Data provided:
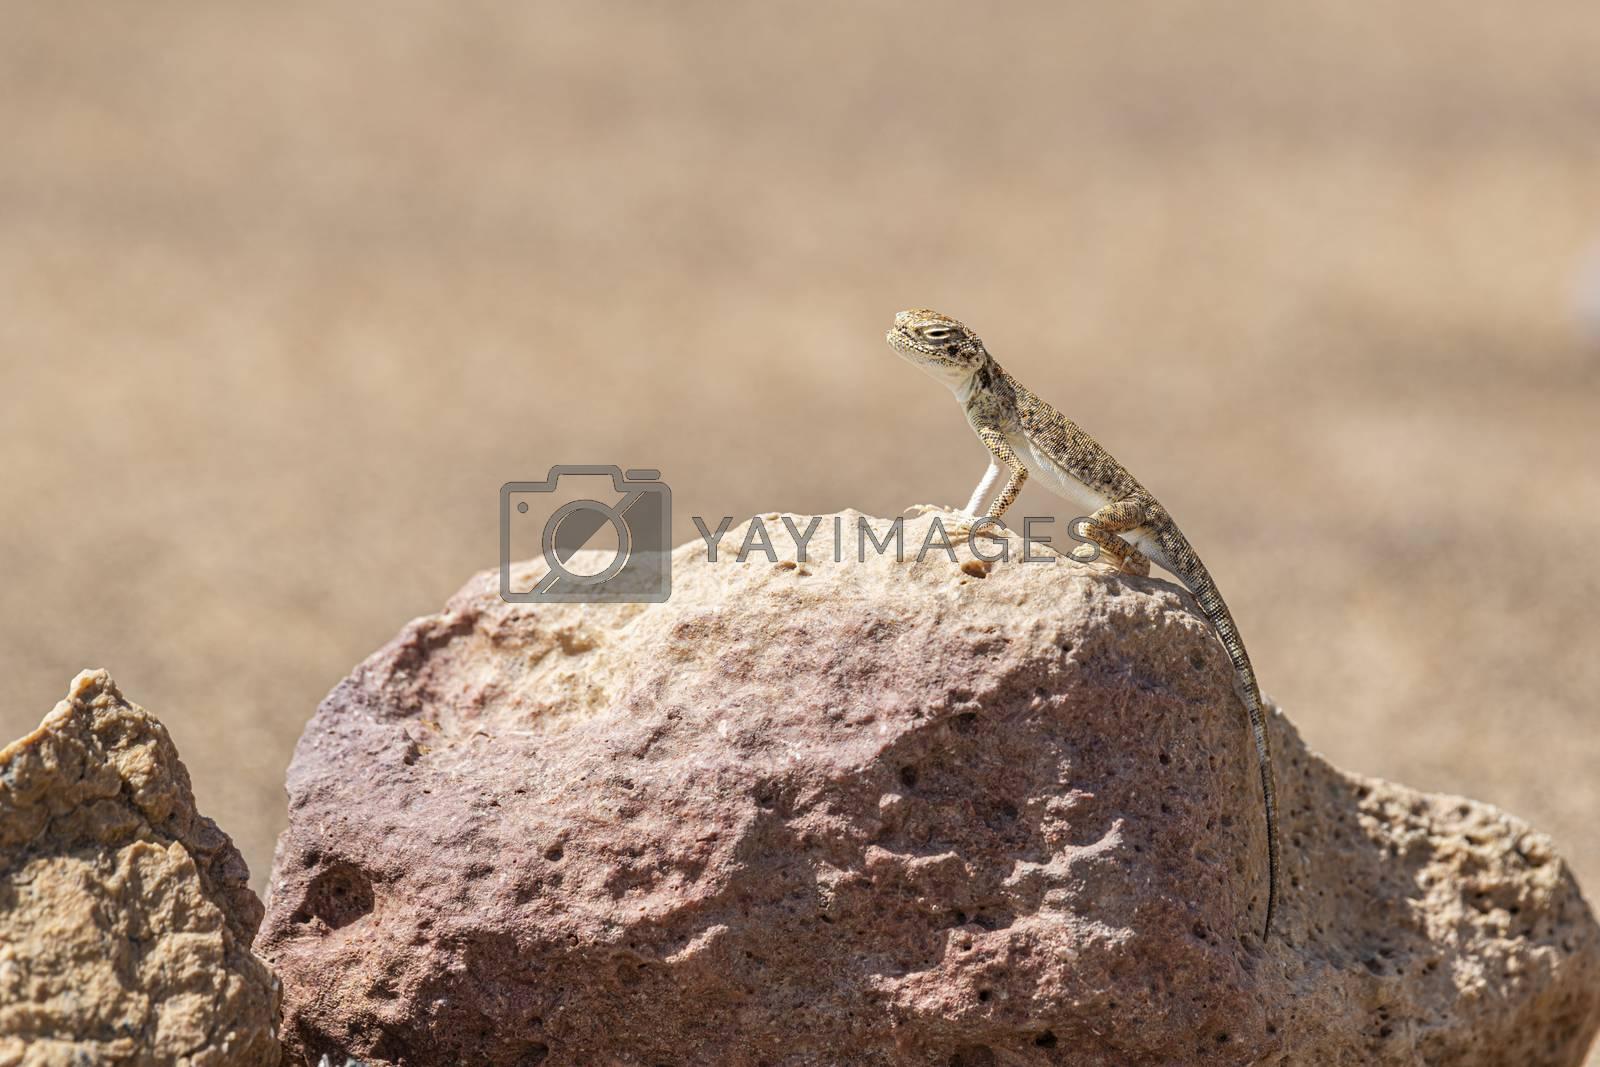 Close-up of Arabian toad-headed agama (Phrynocephalus arabicus) in the Desert, stanbding on a stone, Sharjah, United Arab Emirates (UAE), Arabian Peninsula, Middle East
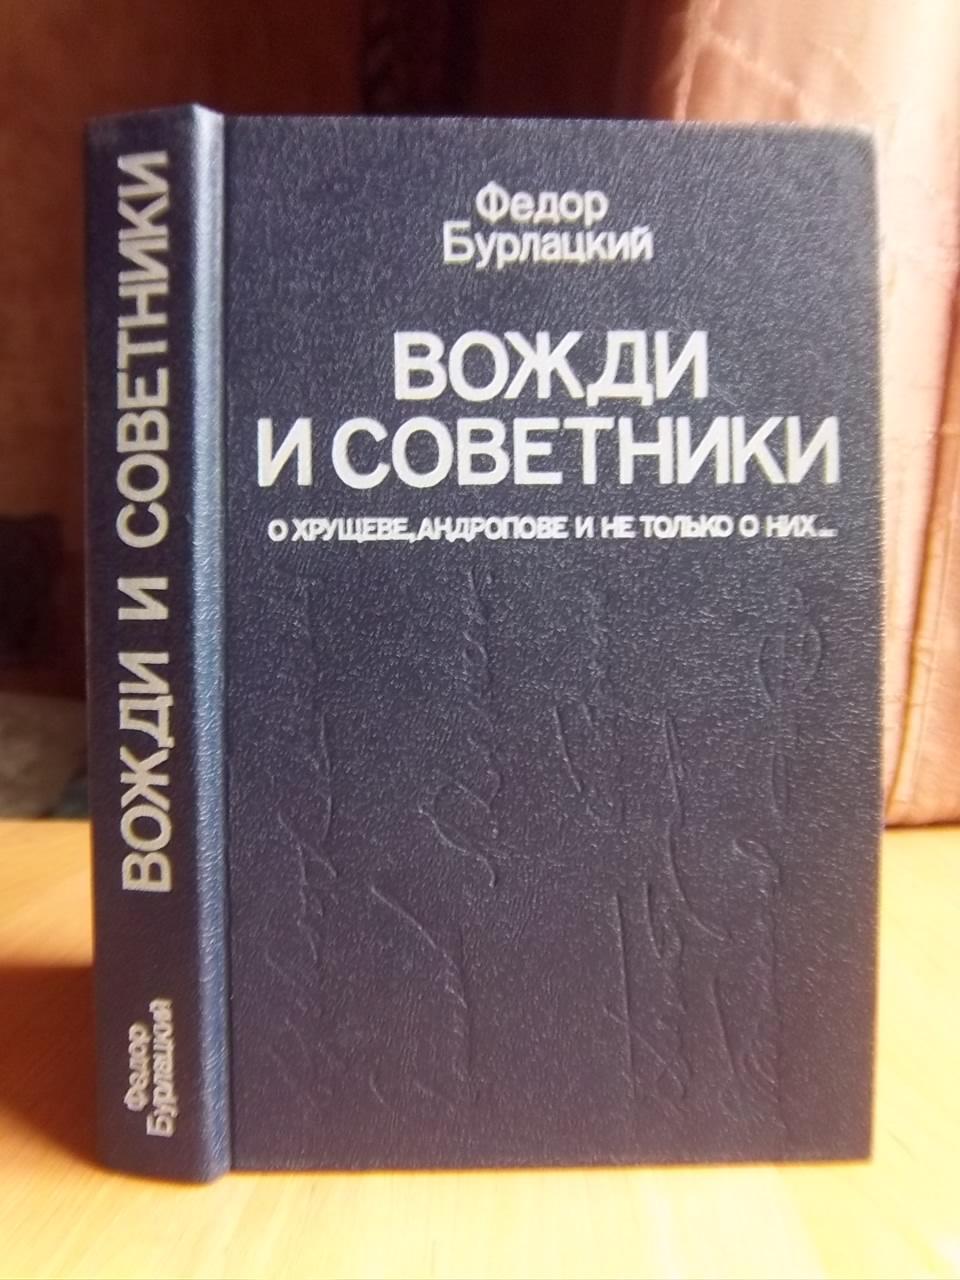 Вожди и советникиО Хрущеве, Андропове и не только о них…
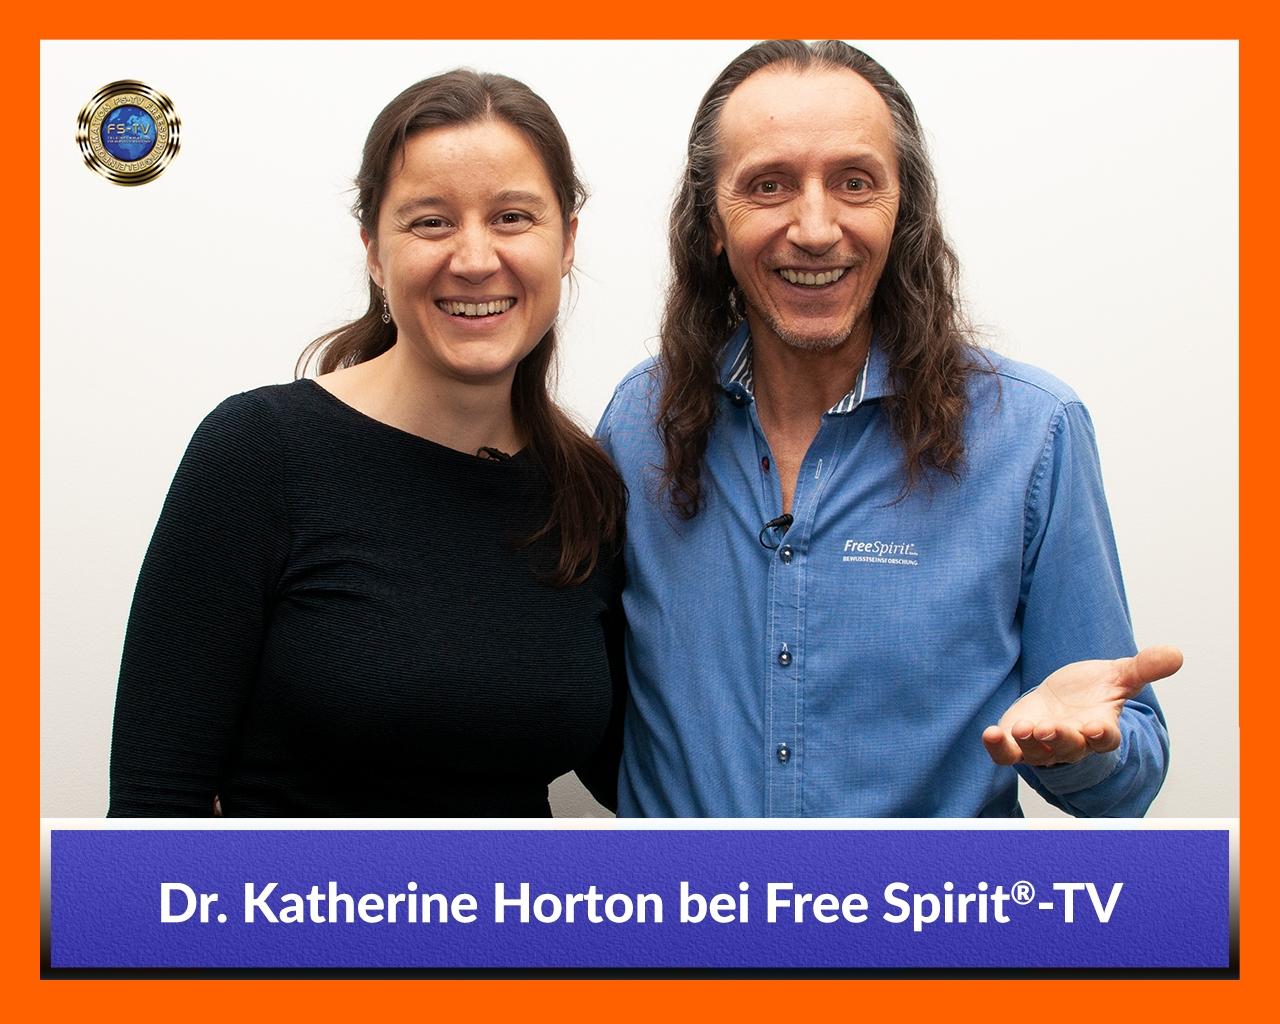 Galleriebild-Dr.Katherine-Horton-10
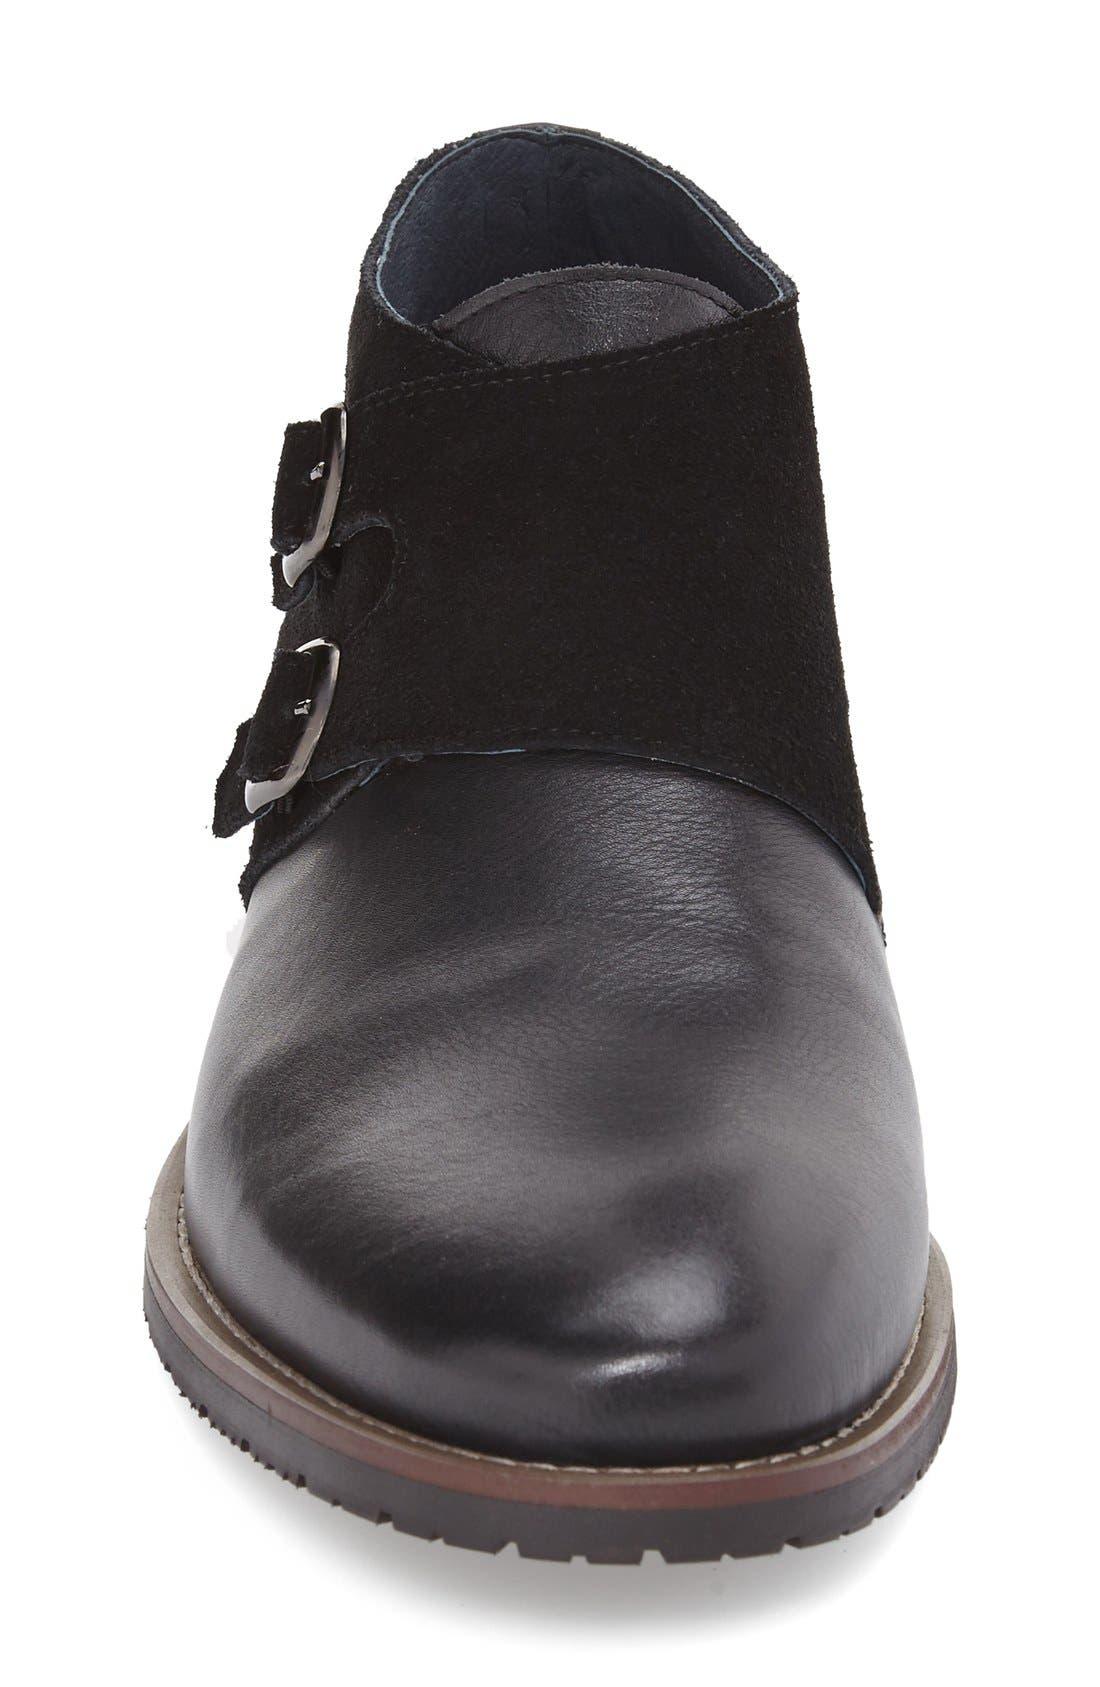 'Napoli' Double Monk Strap Shoe,                             Alternate thumbnail 4, color,                             001

Exercise prompt: Your answer should hold only the lines from the one with "Вожди и советникиО" through the final line of the listing above, transcribed exactly and without pictures.

Problem solution:
 Вожди и советникиО Хрущеве, Андропове и не только о них…
 Galleriebild-Dr.Katherine-Horton-10
 'Napoli' Double Monk Strap Shoe,                             Alternate thumbnail 4, color,                             001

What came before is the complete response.